*** Opening Given information ***
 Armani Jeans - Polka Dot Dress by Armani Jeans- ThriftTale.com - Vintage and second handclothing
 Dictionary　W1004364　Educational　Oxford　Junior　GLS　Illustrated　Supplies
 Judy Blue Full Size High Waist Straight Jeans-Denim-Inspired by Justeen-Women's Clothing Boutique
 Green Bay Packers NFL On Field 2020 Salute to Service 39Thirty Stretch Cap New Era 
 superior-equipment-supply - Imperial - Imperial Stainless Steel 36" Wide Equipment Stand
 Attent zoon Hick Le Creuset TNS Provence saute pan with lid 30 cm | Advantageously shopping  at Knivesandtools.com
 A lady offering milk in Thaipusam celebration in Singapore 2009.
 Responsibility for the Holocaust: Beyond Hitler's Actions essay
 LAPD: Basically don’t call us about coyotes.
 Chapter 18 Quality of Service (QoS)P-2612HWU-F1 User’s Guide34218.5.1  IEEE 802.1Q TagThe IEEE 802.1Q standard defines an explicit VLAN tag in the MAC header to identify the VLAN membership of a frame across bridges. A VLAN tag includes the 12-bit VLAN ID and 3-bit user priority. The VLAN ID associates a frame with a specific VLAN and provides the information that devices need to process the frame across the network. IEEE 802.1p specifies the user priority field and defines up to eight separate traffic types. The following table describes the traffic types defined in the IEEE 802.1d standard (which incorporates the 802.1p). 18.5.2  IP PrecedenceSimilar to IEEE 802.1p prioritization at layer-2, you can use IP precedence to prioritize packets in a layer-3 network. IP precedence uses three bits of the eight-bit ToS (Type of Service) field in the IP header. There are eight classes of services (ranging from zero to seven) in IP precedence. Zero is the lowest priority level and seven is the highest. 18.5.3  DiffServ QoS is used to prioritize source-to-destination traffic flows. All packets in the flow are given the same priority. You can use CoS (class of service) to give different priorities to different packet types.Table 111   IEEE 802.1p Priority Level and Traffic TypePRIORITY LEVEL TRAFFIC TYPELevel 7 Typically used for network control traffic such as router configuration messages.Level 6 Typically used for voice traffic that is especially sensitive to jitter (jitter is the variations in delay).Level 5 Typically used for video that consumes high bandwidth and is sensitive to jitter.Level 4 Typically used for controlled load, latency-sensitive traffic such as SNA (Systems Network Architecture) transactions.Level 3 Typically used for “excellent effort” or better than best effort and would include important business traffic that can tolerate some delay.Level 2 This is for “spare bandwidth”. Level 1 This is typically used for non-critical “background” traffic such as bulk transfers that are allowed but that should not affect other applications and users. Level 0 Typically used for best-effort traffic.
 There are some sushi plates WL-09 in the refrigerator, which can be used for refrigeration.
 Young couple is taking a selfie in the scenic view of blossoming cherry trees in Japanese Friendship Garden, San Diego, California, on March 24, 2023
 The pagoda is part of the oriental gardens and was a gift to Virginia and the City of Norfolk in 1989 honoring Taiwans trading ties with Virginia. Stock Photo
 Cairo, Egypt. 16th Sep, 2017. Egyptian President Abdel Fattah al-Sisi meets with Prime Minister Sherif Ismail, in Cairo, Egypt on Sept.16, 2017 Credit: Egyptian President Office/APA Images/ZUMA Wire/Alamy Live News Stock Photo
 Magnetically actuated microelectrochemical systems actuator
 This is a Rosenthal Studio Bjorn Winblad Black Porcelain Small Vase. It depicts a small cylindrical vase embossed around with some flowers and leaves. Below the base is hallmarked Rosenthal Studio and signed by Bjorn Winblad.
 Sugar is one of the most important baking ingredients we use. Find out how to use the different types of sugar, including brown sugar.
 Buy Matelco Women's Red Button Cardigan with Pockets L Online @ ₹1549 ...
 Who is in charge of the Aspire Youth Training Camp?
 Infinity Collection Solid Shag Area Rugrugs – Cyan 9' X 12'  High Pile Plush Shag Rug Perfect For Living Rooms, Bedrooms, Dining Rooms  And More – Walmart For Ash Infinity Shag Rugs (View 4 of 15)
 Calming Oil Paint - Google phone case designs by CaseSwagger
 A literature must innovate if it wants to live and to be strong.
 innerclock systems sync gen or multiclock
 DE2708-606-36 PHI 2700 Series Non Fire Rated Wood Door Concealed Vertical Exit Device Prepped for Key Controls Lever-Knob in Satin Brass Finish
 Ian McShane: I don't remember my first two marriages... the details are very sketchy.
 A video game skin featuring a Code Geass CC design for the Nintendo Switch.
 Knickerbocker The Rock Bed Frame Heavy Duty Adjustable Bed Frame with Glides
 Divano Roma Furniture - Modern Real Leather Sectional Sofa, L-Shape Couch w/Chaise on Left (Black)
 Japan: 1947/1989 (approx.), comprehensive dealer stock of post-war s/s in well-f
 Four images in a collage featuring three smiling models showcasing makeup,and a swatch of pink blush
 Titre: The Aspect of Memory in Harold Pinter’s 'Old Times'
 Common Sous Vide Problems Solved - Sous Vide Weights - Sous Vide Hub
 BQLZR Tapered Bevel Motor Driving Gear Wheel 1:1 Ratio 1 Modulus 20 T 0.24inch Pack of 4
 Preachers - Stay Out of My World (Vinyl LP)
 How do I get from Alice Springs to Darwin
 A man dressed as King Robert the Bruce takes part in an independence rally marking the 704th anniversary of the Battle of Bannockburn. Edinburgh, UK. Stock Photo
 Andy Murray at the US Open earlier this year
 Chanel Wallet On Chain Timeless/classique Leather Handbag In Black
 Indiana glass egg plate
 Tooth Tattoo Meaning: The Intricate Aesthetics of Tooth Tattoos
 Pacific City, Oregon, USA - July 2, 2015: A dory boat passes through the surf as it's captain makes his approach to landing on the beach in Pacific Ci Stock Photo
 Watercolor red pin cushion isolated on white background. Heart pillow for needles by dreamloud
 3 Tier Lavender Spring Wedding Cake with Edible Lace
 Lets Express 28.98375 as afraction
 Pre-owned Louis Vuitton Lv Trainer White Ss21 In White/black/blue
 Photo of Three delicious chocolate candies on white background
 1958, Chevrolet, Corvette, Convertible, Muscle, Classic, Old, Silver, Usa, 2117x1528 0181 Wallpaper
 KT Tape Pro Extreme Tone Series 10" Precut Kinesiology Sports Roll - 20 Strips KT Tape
*** Closing Given information ***
**Exercise aim**
From the listing above, copy every line where the string "part" is found.

**Written solution**
 The pagoda is part of the oriental gardens and was a gift to Virginia and the City of Norfolk in 1989 honoring Taiwans trading ties with Virginia. Stock Photo
 A man dressed as King Robert the Bruce takes part in an independence rally marking the 704th anniversary of the Battle of Bannockburn. Edinburgh, UK. Stock Photo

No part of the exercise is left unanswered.